0

I am using the R programming language. I am following this tutorial over here for making 3d kernel density plots in R: https://plotly.com/r/3d-surface-plots/:

library(MASS)
library(plotly)

kd <- with(MASS::geyser, MASS::kde2d(duration, waiting, n = 50))
fig <- plot_ly(x = kd$x, y = kd$y, z = kd$z) %>% add_surface()

fig

I decided to try this on my own data :

#generate data
a = rnorm(100,10,10)
b = rnorm(100,5,5)
c = rnorm(100,5,10)
d = data.frame(a,b,c)

#make 3d plot (I think n = 50 refers to selecting the first 50 points?)
kd <- with(d, MASS::kde2d(a,b,c, n = 50))
fig <- plot_ly(x = kd$x, y = kd$y, z = kd$z) %>% add_surface()

But this results in the following error:

Error in MASS::kde2d(a, b, c, n = 50) : 
  bandwidths must be strictly positive

This error prevents me from creating the "kd" object.

Can someone please tell me what am I doing wrong? Is there a problem with the specific data I am using? Or is this a syntax error?

Thanks

stats_noob
  • 5,401
  • 4
  • 27
  • 83
  • Does this answer your question? [Error using geom\_density\_2d() in R : Computation failed in \`stat\_density2d()\`: bandwidths must be strictly positive](https://stackoverflow.com/questions/53075331/error-using-geom-density-2d-in-r-computation-failed-in-stat-density2d-b) – tjebo Feb 01 '21 at 14:18

1 Answers1

2

You seem to be misunderstanding the purpose of kde2d. From help(kde2d):

Two-dimensional kernel density estimation with an axis-aligned bivariate normal kernel, evaluated on a square grid.

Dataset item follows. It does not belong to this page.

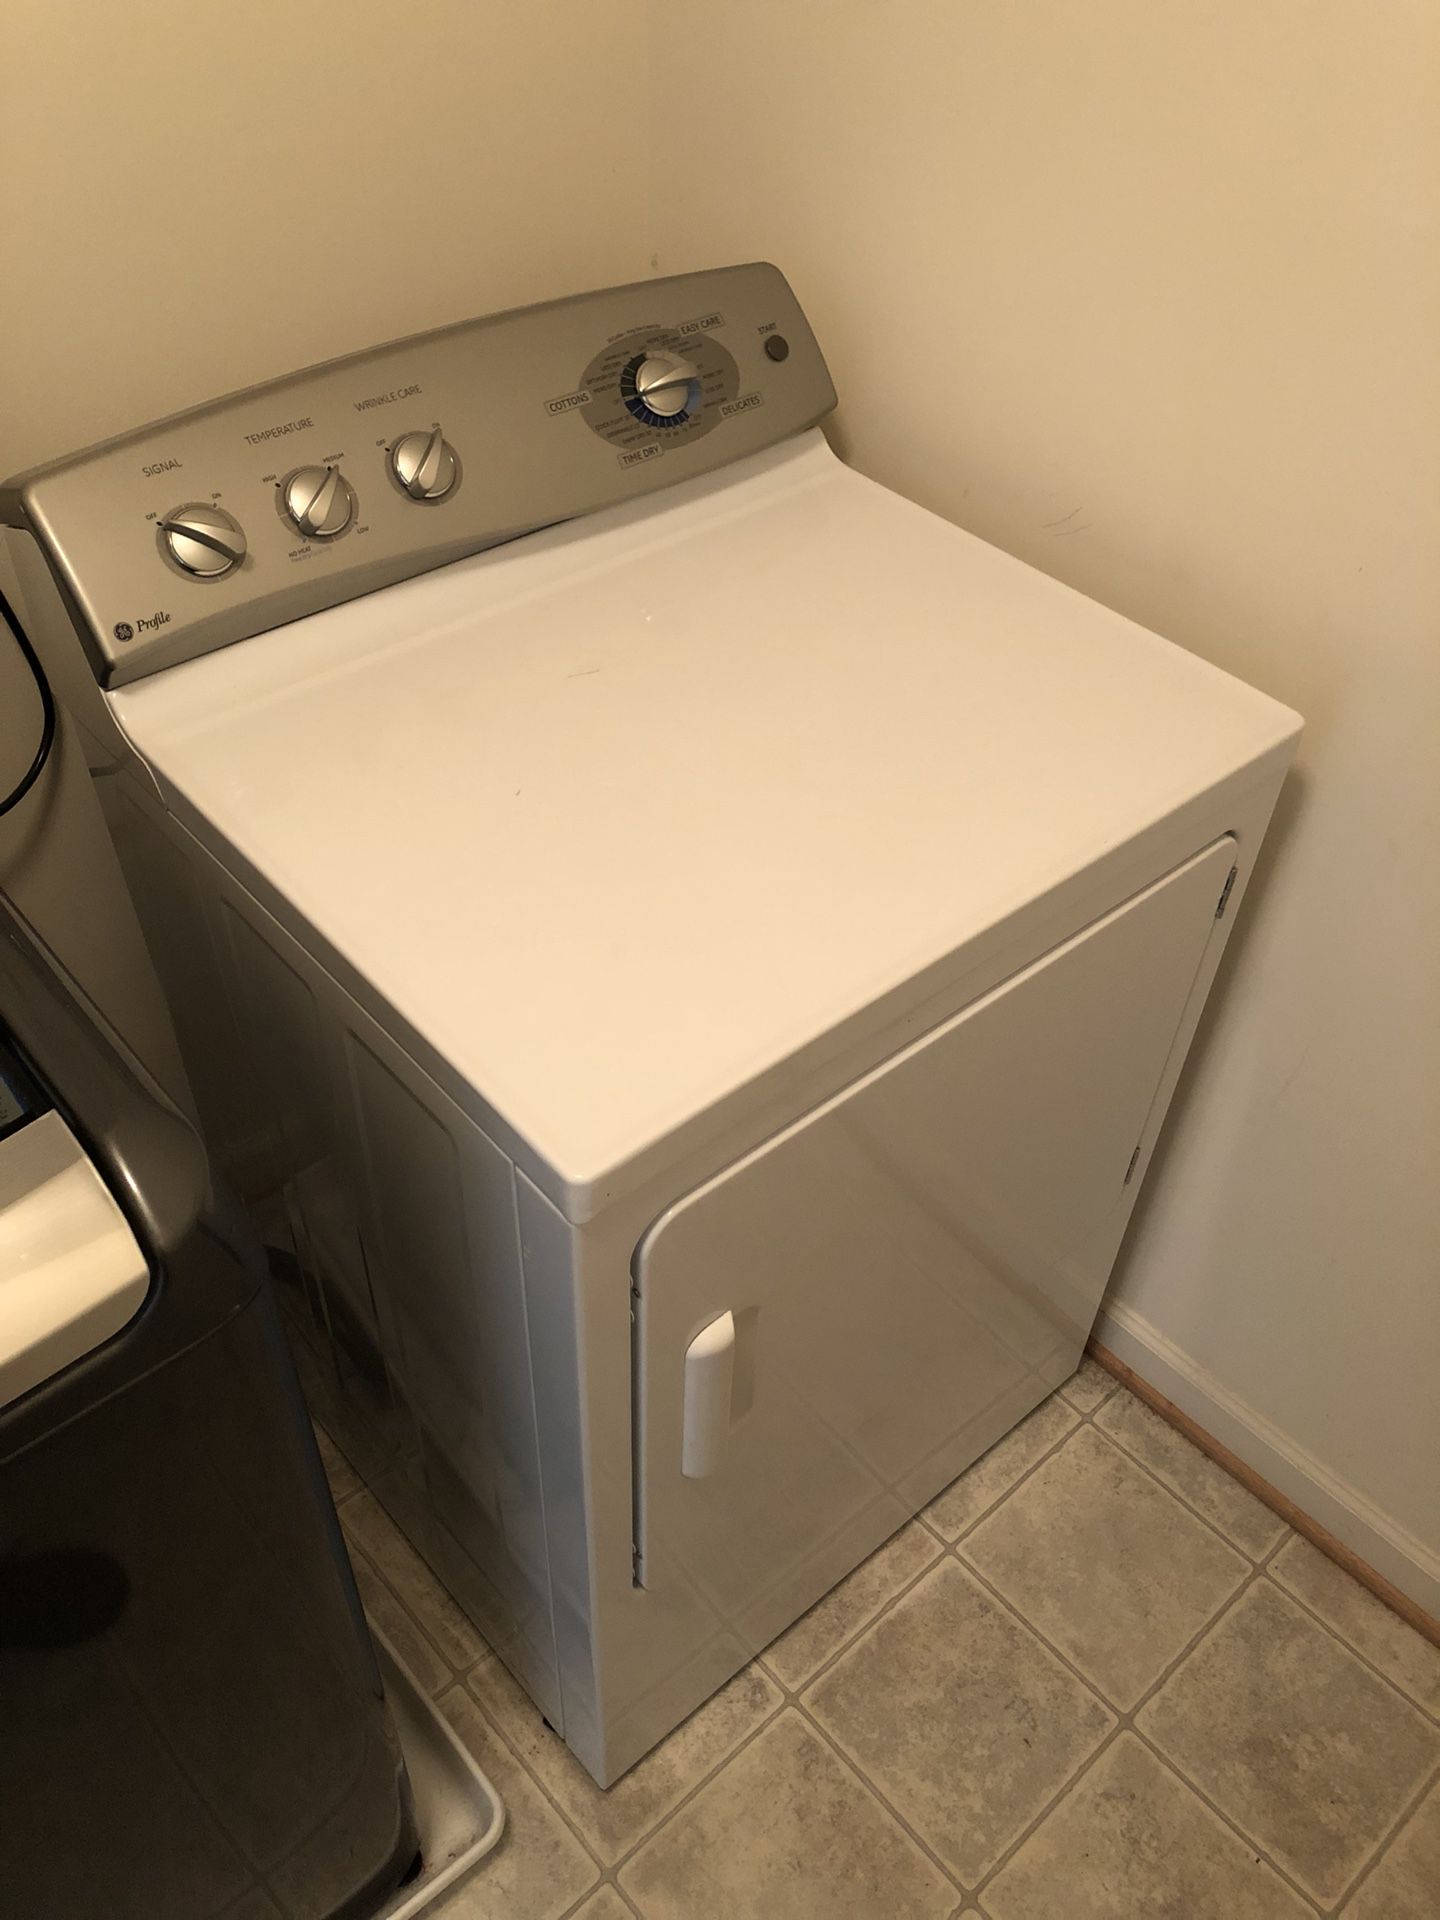 GE Profile Dryer (White/Silver)

From the same help file regarding the h argument:

h
vector of bandwidths for x and y directions. Defaults to normal reference bandwidth (see bandwidth.nrd). A scalar value will be taken to apply to both directions.

You are passing c, a length 100 numeric vector as h. You appear to be trying to pass data to h, this does not make sense. Pass either one or two values for bandwidth or nothing and accept the default.

From lines 31 and 32 of the source, we can see why you got the error:

    if (any(h <= 0))
        stop("bandwidths must be strictly positive")

Thus, if either of the first two values of c are negative or zero, you will get this error.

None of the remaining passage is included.